• EXTRACTED MATERIAL:
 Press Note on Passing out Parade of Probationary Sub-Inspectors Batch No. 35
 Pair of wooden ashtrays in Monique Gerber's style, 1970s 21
--
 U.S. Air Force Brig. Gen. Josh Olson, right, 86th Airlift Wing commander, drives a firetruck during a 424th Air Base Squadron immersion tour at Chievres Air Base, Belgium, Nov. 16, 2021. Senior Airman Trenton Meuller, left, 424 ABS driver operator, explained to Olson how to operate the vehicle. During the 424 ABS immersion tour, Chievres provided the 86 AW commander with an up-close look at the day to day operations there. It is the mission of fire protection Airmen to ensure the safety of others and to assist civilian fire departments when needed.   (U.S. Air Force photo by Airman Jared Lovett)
---
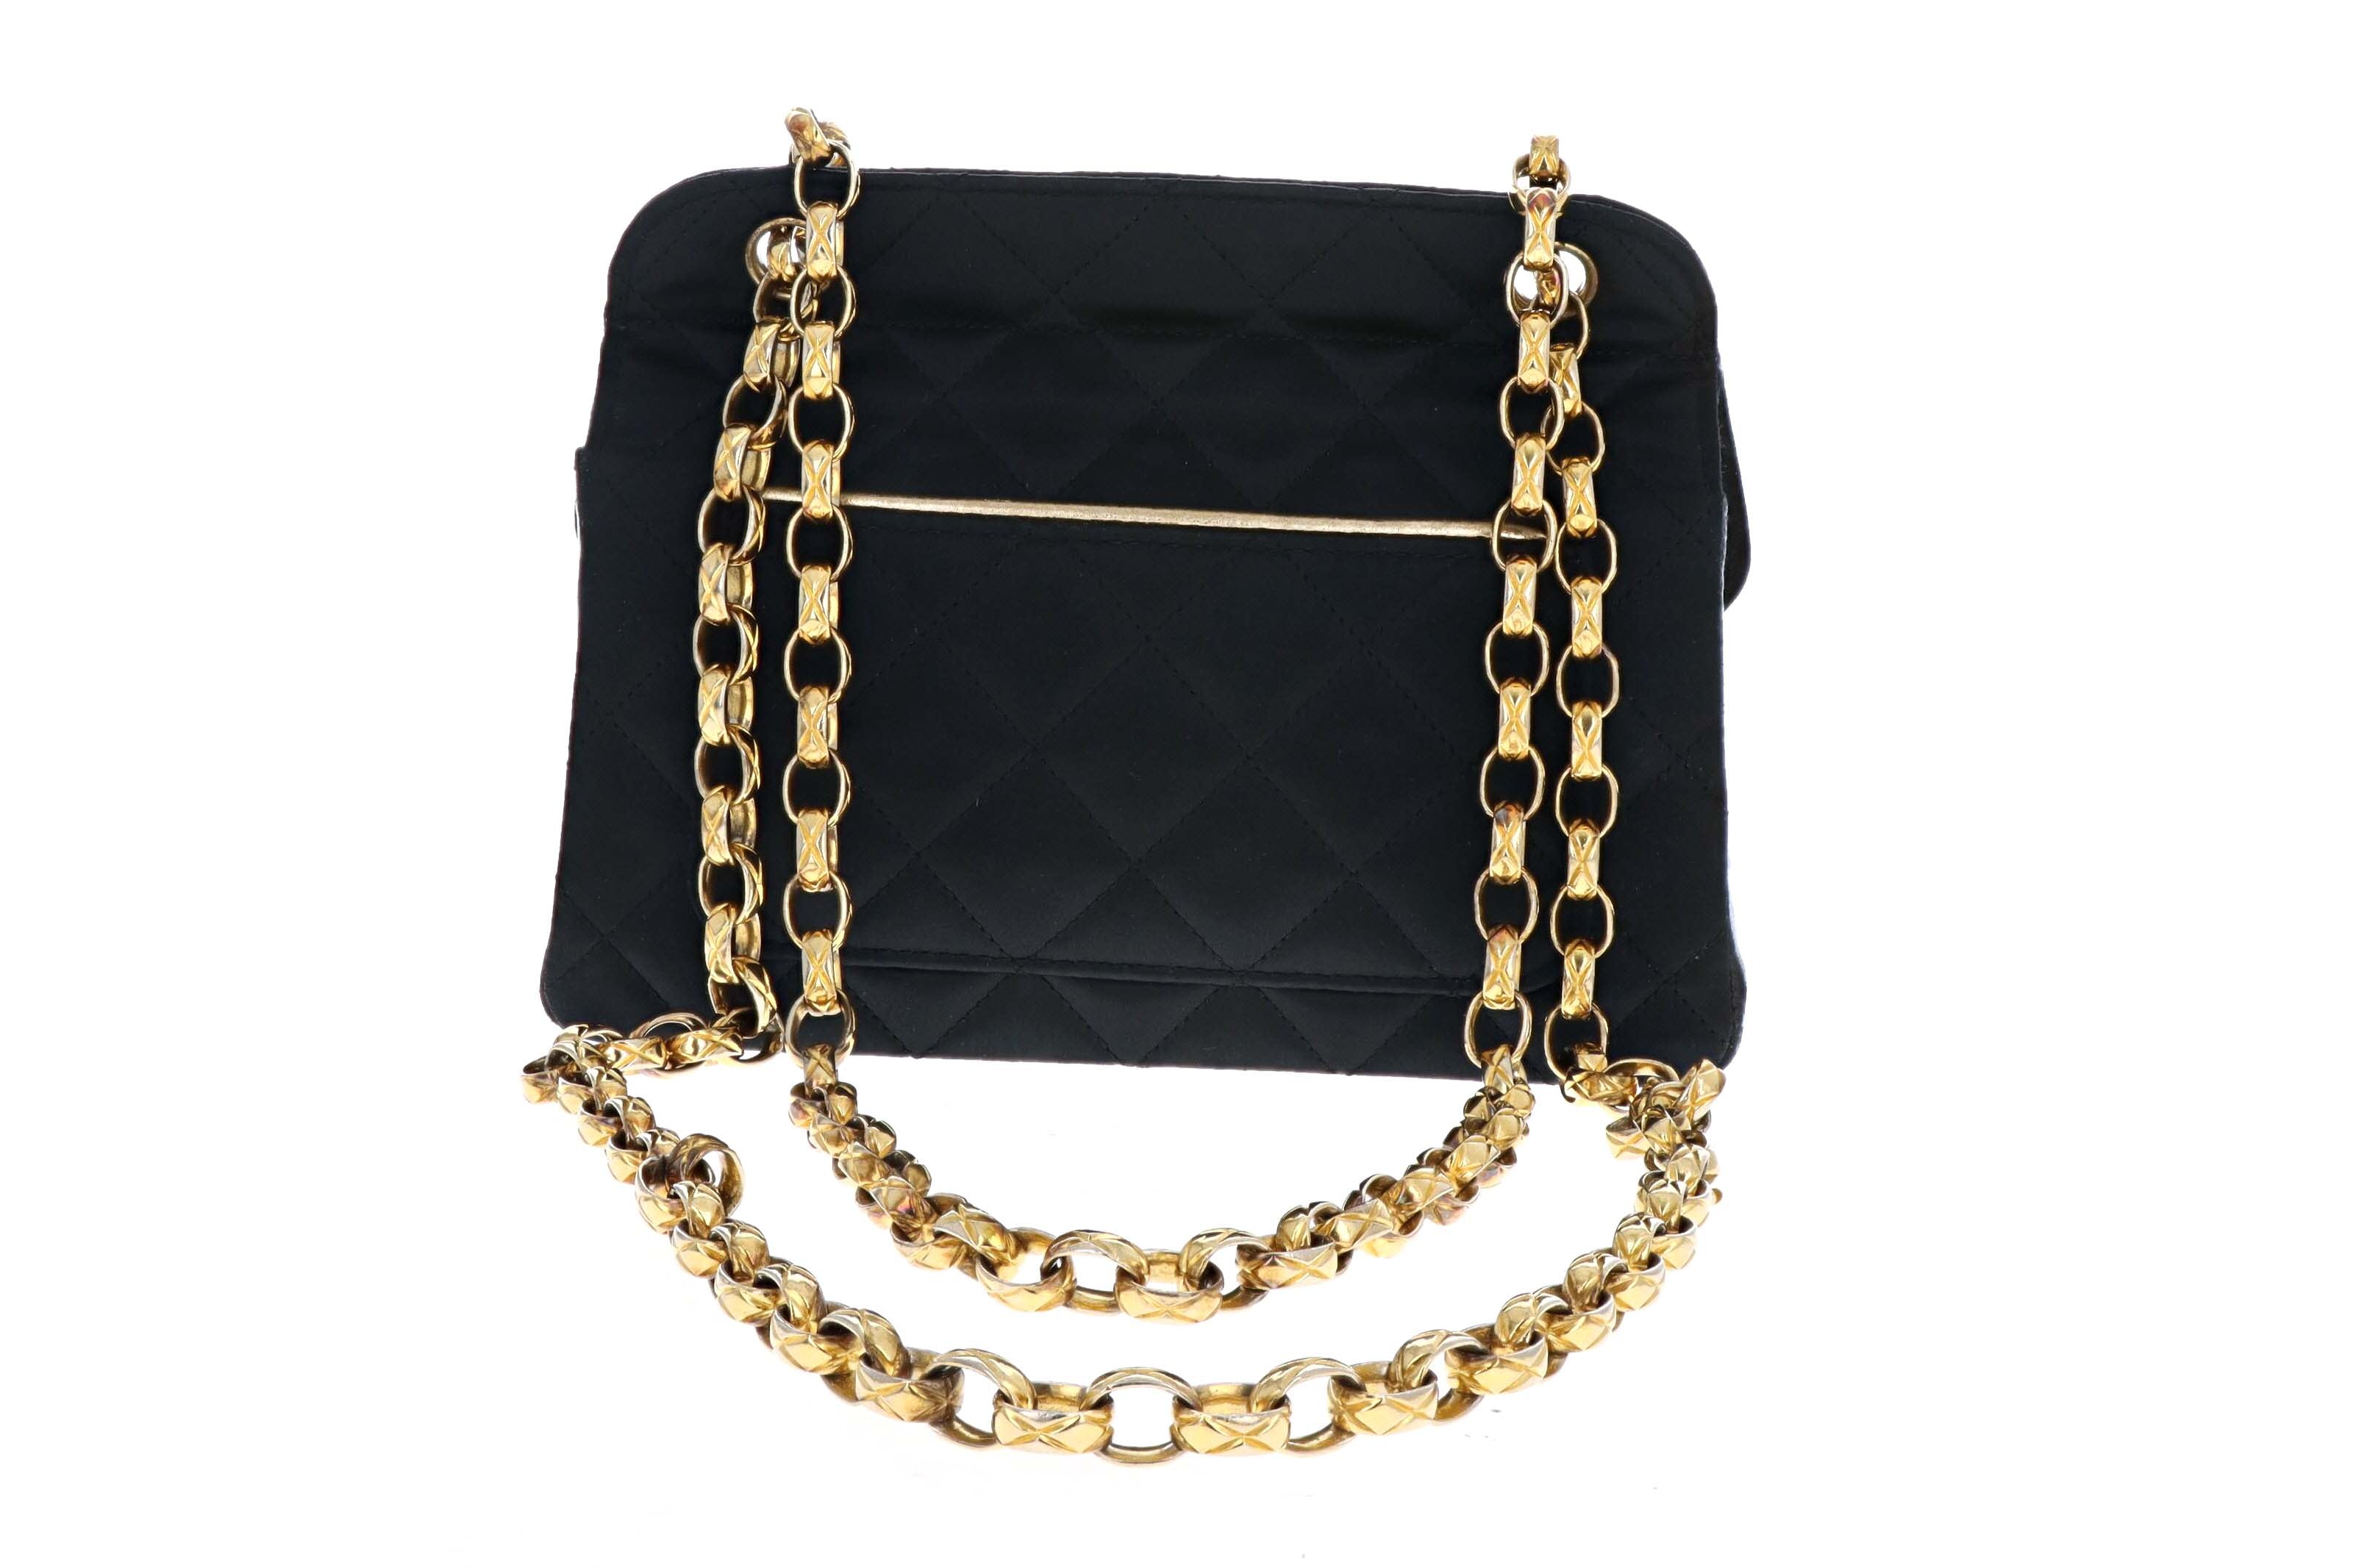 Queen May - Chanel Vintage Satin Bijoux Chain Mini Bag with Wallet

• PROBLEM STATEMENT:
Write out exactly the lines above between the line with "Press Note on" and the line with "Pair of wooden", inclusive, and nothing beyond them.

• PROBLEM SOLUTION:
 Press Note on Passing out Parade of Probationary Sub-Inspectors Batch No. 35
 Pair of wooden ashtrays in Monique Gerber's style, 1970s 21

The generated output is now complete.